- First tankōbon volume cover

乱と灰色の世界 (Ran to Haiiro no Sekai)
- Genre: Supernatural, romance
- Written by: Aki Irie
- Published by: Enterbrain
- English publisher: NA: Viz Media;
- Magazine: Harta
- Original run: December 15, 2008 – April 15, 2015
- Volumes: 7
- Anime and manga portal

= Ran and the Gray World =

Japanese manga series

Ran and the Gray World (乱と灰色の世界, Ran to Haiiro no Sekai) is a Japanese manga series written and illustrated by Aki Irie. It was serialized in Harta from December 2008 to April 2015 and published in seven tankōbon volumes.

==Publication==
Written and illustrated by Aki Irie, Ran and the Gray World began serialization in Enterbrain's magazine Harta (then called Fellows!) on December 15, 2008. The series concluded on April 15, 2015. It was published in seven tankōbon volumes.

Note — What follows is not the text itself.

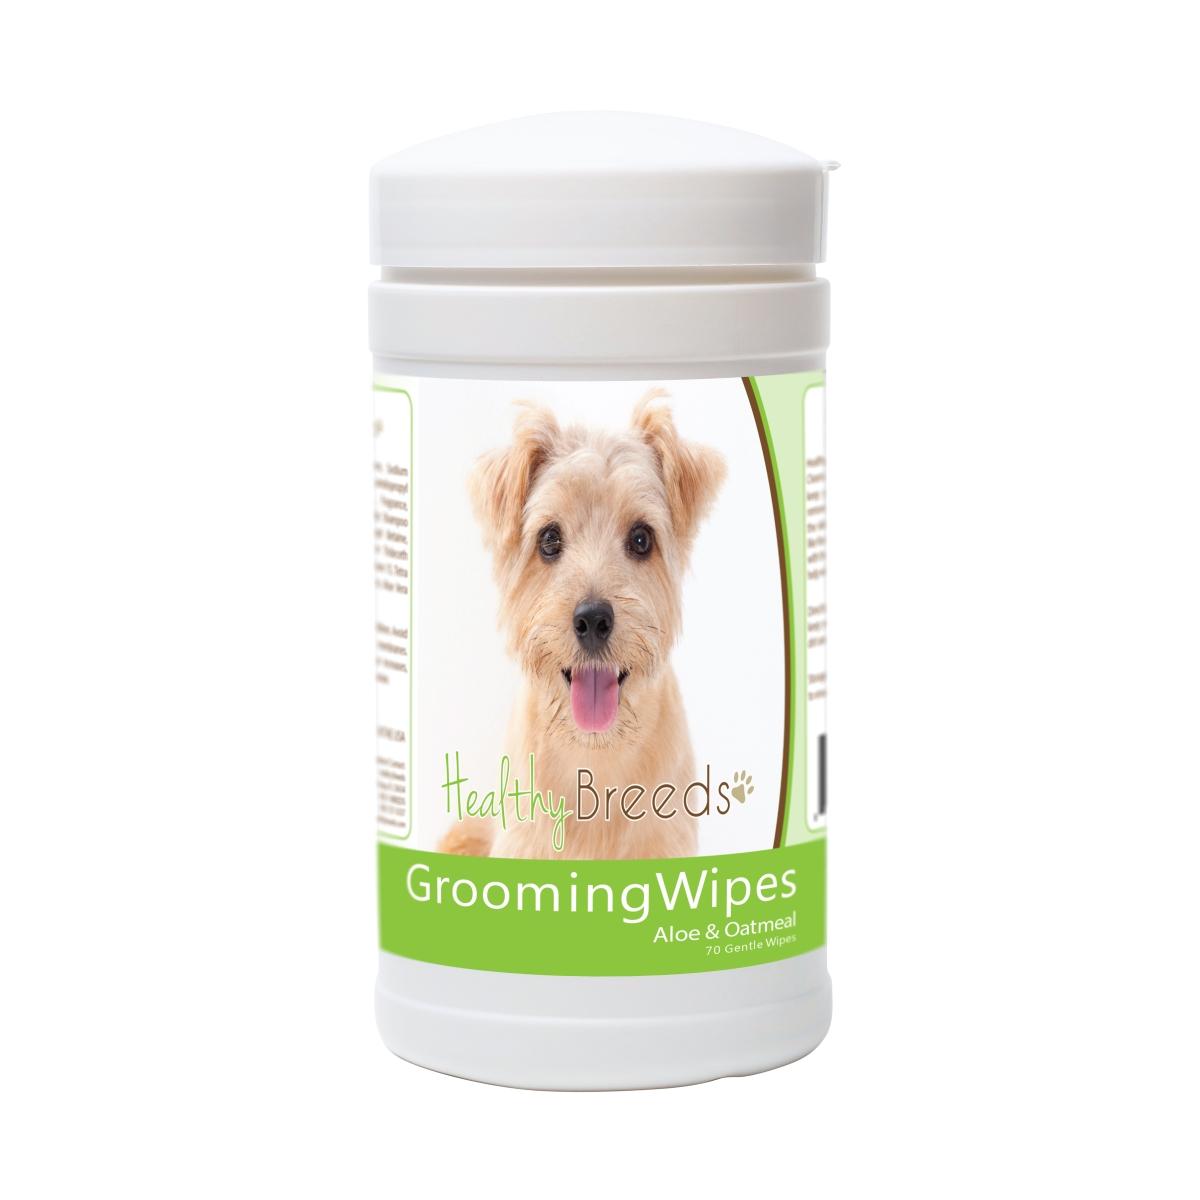 Healthy Breeds 840235174141 Norfolk Terrier Grooming Wipes - 70 Count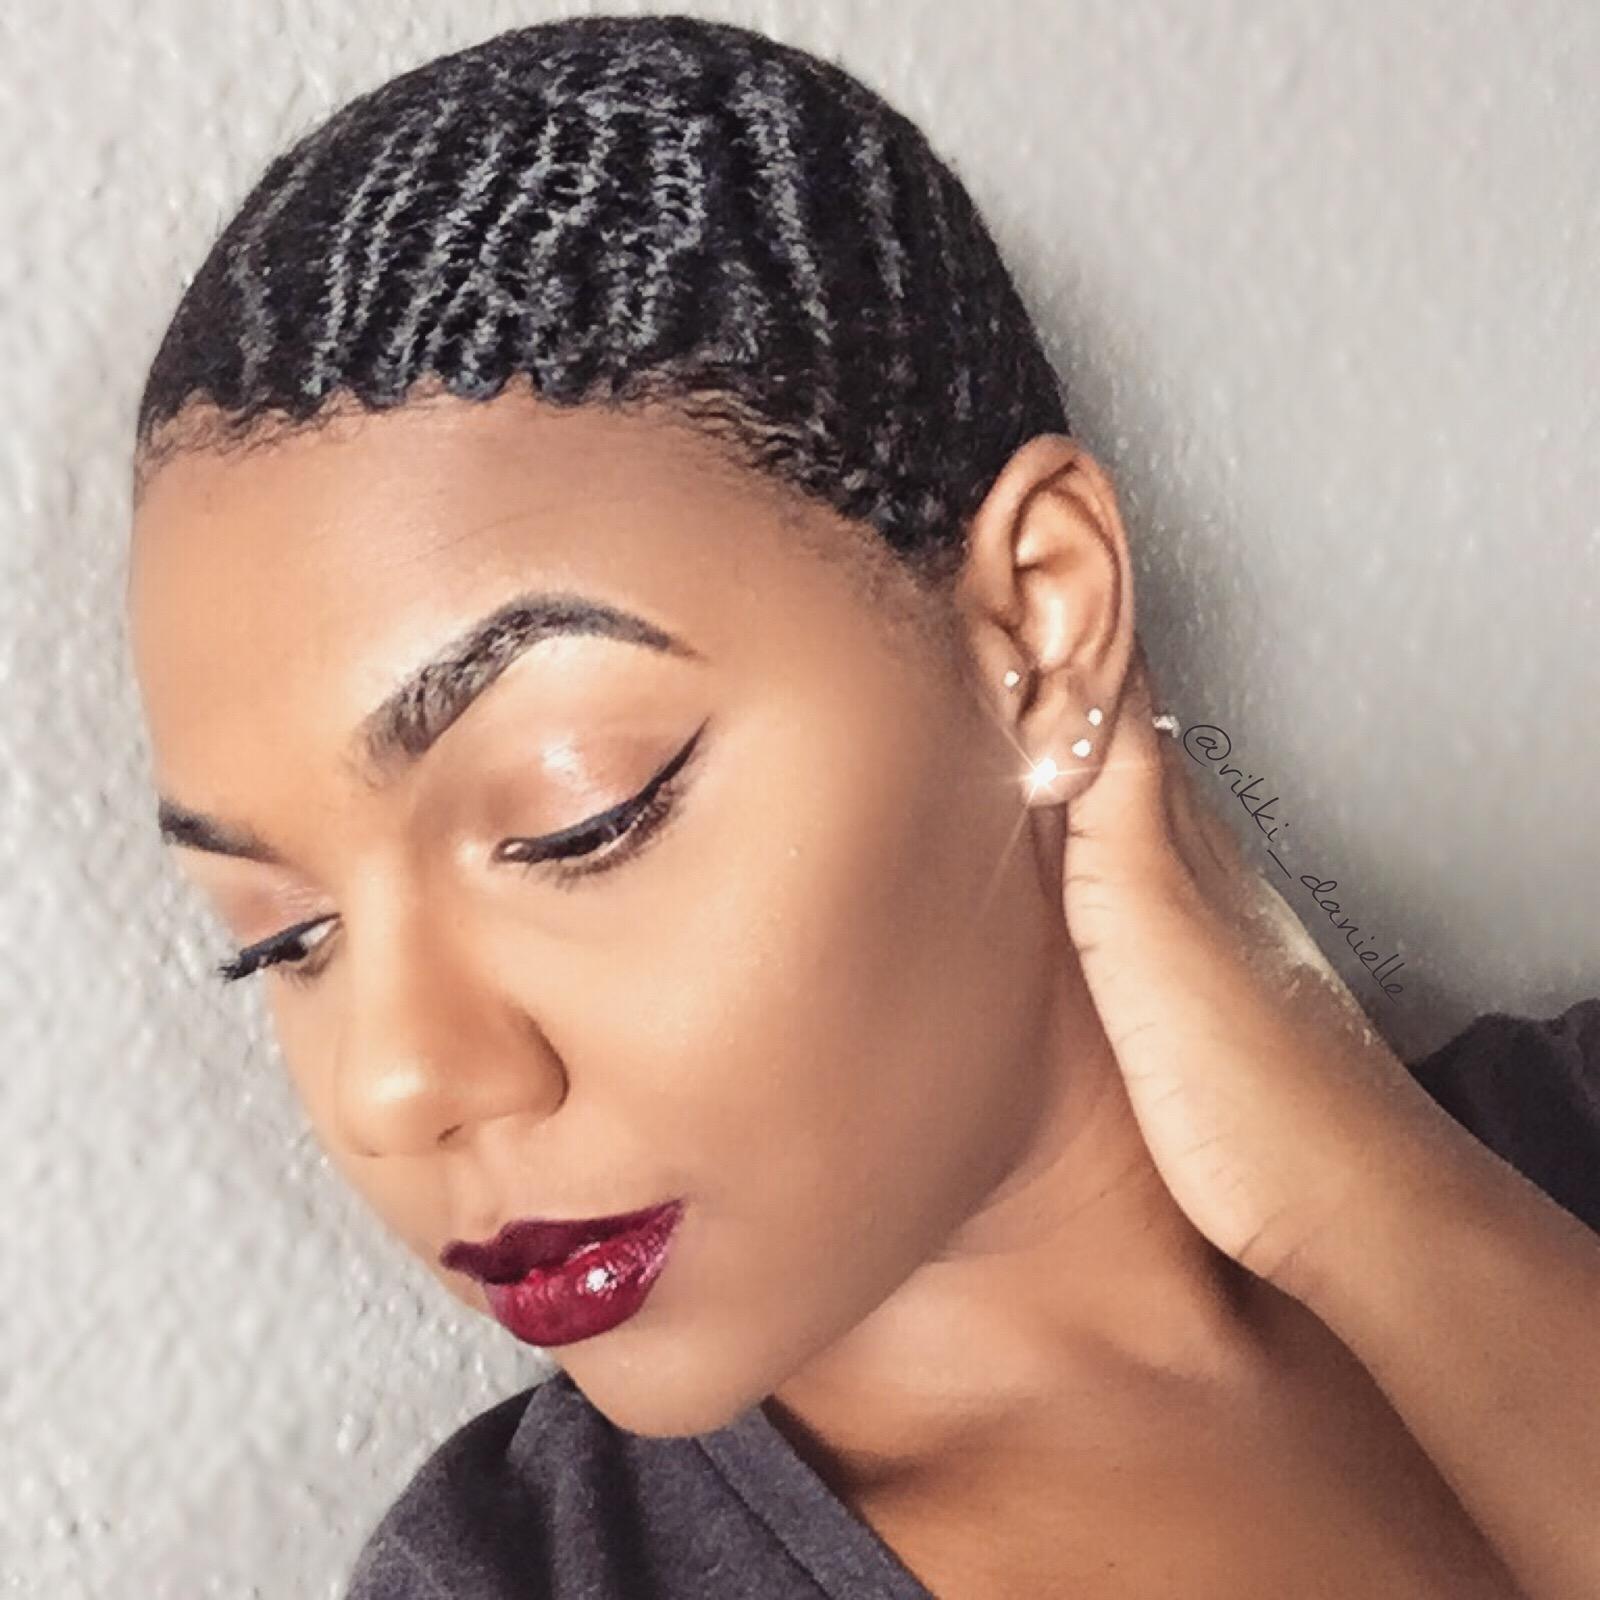 Rikki Danielle From Kansas City 3c 4a Natural Hair Icon

At Anime Boston 2018, Viz Media announced they licensed the series for English publication.

===Volume list===

| No. | Original release date | Original ISBN | English release date | English ISBN |
|---|---|---|---|---|
| 1 | November 16, 2009 | 978-4-04-726145-7 | November 20, 2018 | 978-1-97-470362-3 |
| 2 | November 15, 2010 | 978-4-04-726849-4 | February 19, 2019 | 978-1-97-470363-0 |
| 3 | July 15, 2011 | 978-4-04-727383-2 | May 21, 2019 | 978-1-97-470364-7 |
| 4 | July 14, 2012 | 978-4-04-728116-5 | August 20, 2019 | 978-1-97-470365-4 |
| 5 | September 14, 2013 | 978-4-04-729164-5 | November 19, 2019 | 978-1-97-470366-1 |
| 6 | April 14, 2014 | 978-4-04-729576-6 | February 18, 2020 | 978-1-97-470367-8 |
| 7 | June 15, 2015 | 978-4-04-730582-3 | May 19, 2020 | 978-1-97-470368-5 |

==Reception==
Jason Thompson of Otaku USA recommended the series, praising it for its art, plot, and main protagonist. Sarah of Anime UK News also gave the first volume praise, calling it a "terrifically energetic and exuberant [start]" and the artwork "exceptional". Sean Gaffney of A Case Suitable for Treatment also gave the series praise for the art and plot. Chris Beveridge of The Fandom Post praised the artwork, while criticizing the main protagonist, calling her a "borderline brat". Anna Neatrour of Manga Report stated that despite the fact that some of the situations in the book made her uneasy, they enjoyed it and wanted to read more. As part of Anime News Networks Fall 2018 manga guide, Rebecca Silverman, Amy McNulty, Faye Hopper, and Teresa Navarro reviewed the series for the website. Each rated the series from three and a half to two and a half out of five. They all collectively praised the artwork, while finding the story a bit uncomfortable, despite enjoying it overall.